> [Data to use]
####
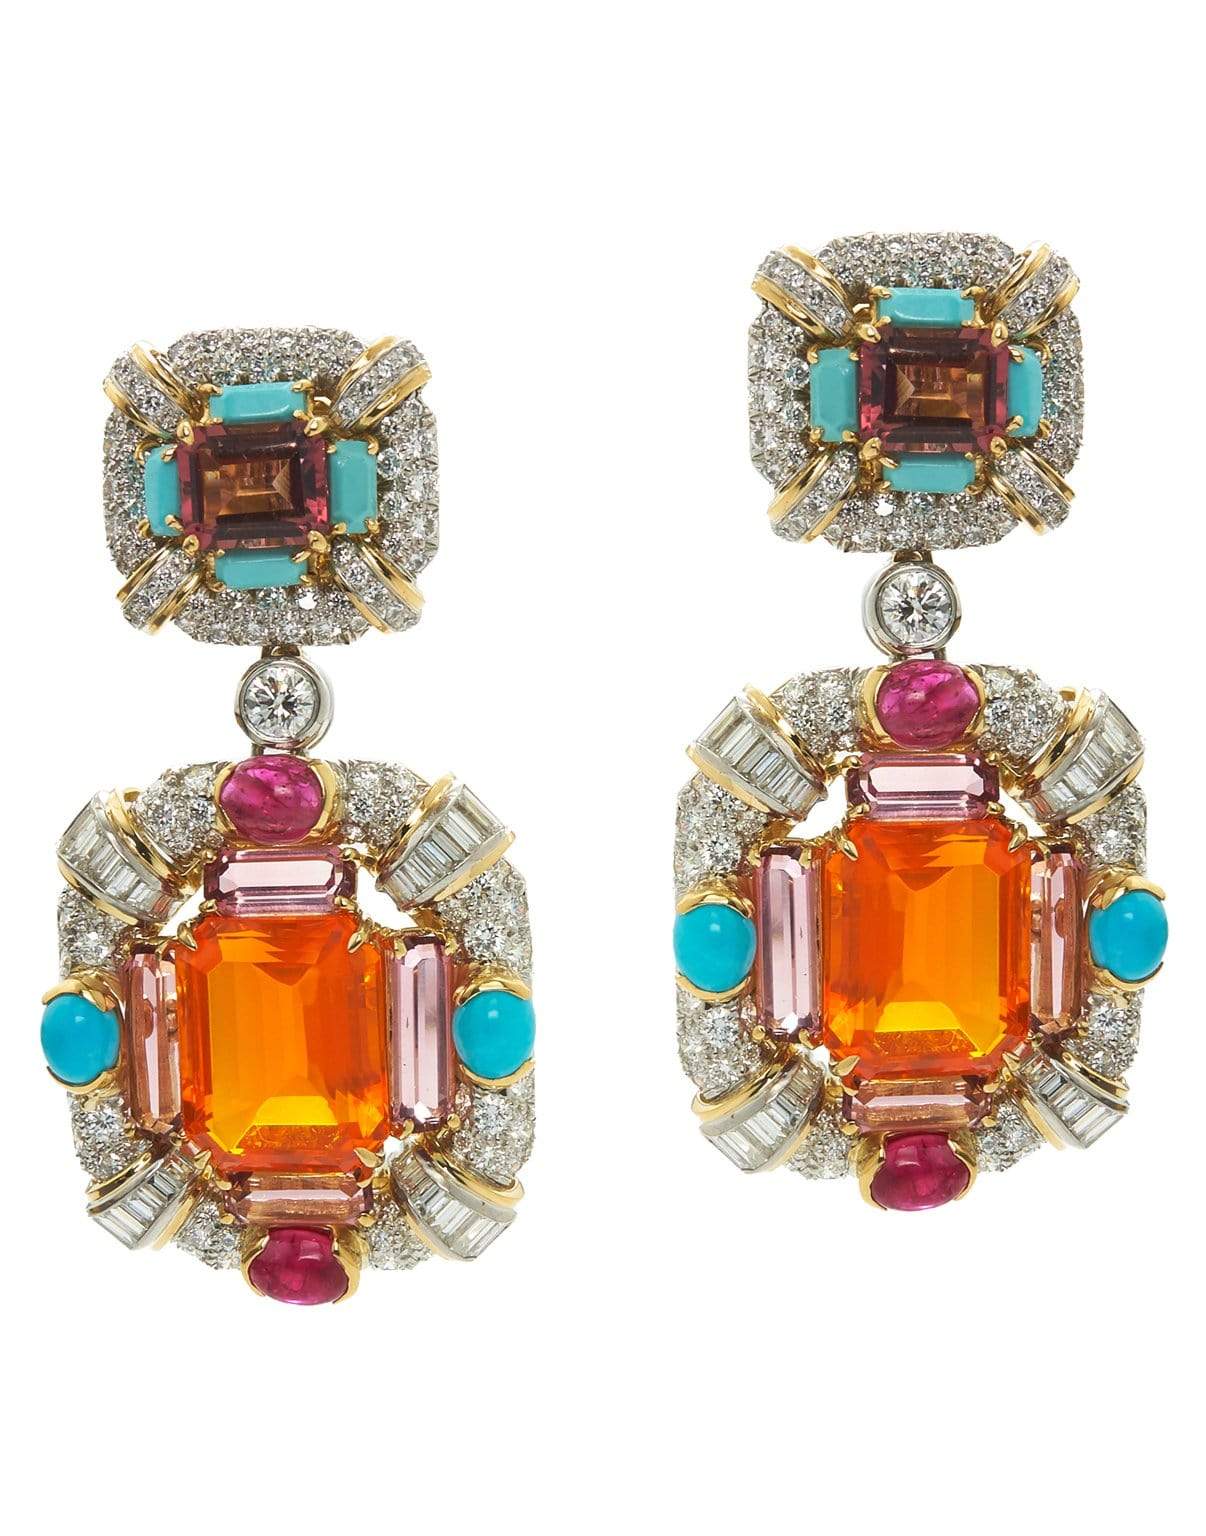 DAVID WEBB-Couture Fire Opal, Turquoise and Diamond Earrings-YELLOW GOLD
####
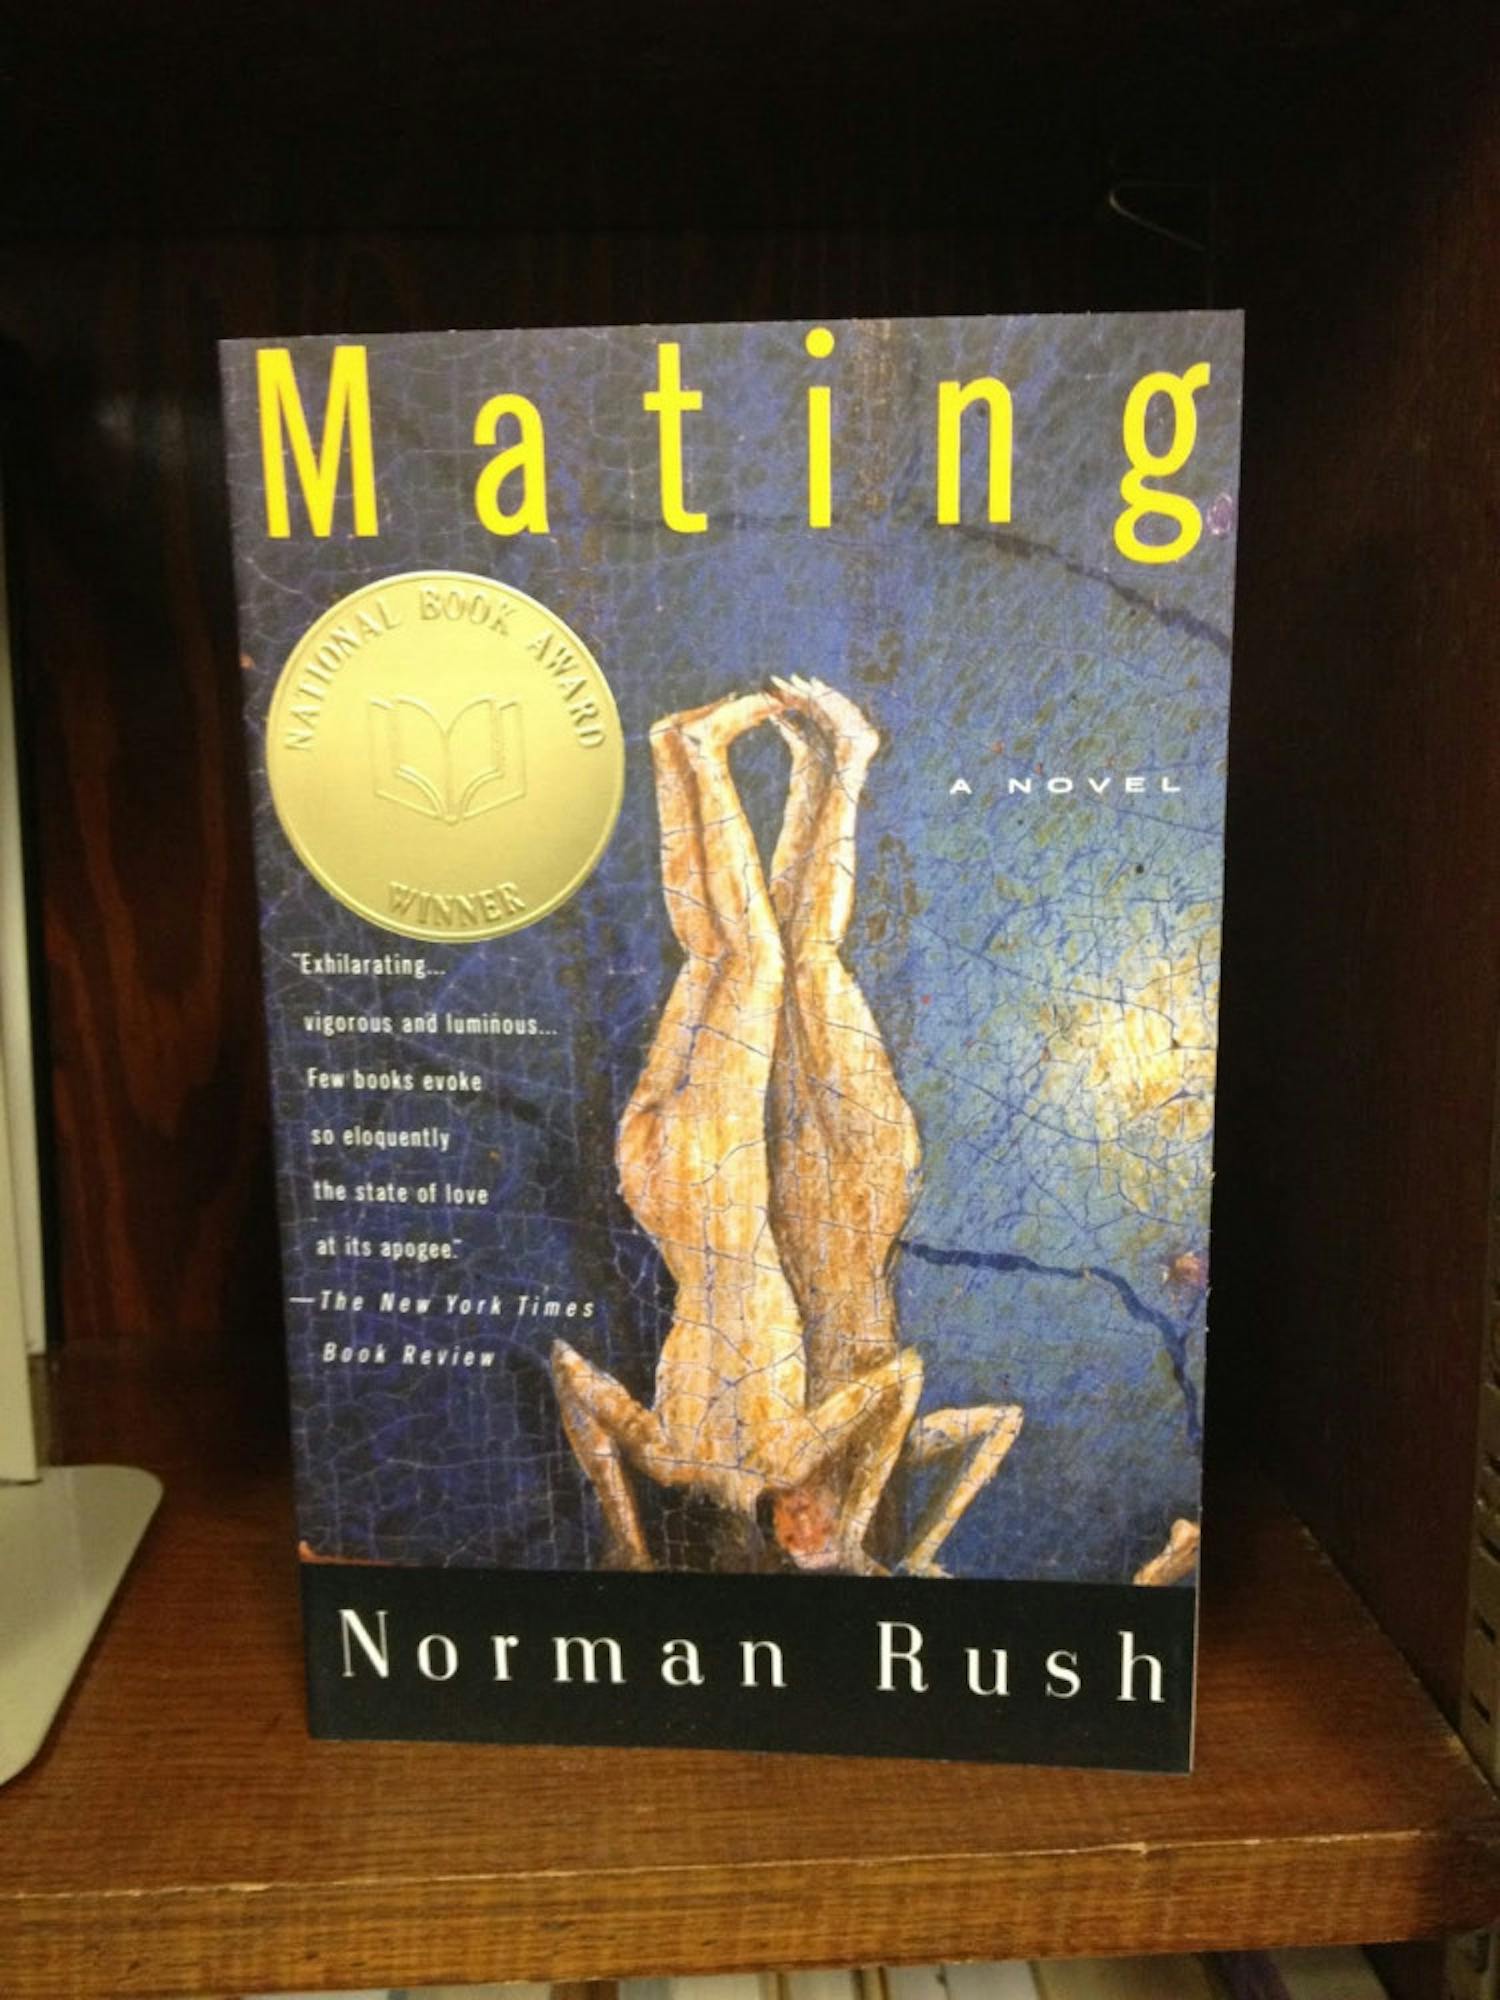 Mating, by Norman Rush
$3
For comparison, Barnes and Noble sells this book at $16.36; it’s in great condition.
####
> [Your assignment] Precisely those lines above that run from the line with "Mating, by Norman Rush" up to and including the line with "For comparison, Barnes" are to be set down, with the pictures omitted.

> [Answer to the problem]
 Mating, by Norman Rush
$3
For comparison, Barnes and Noble sells this book at $16.36; it’s in great condition.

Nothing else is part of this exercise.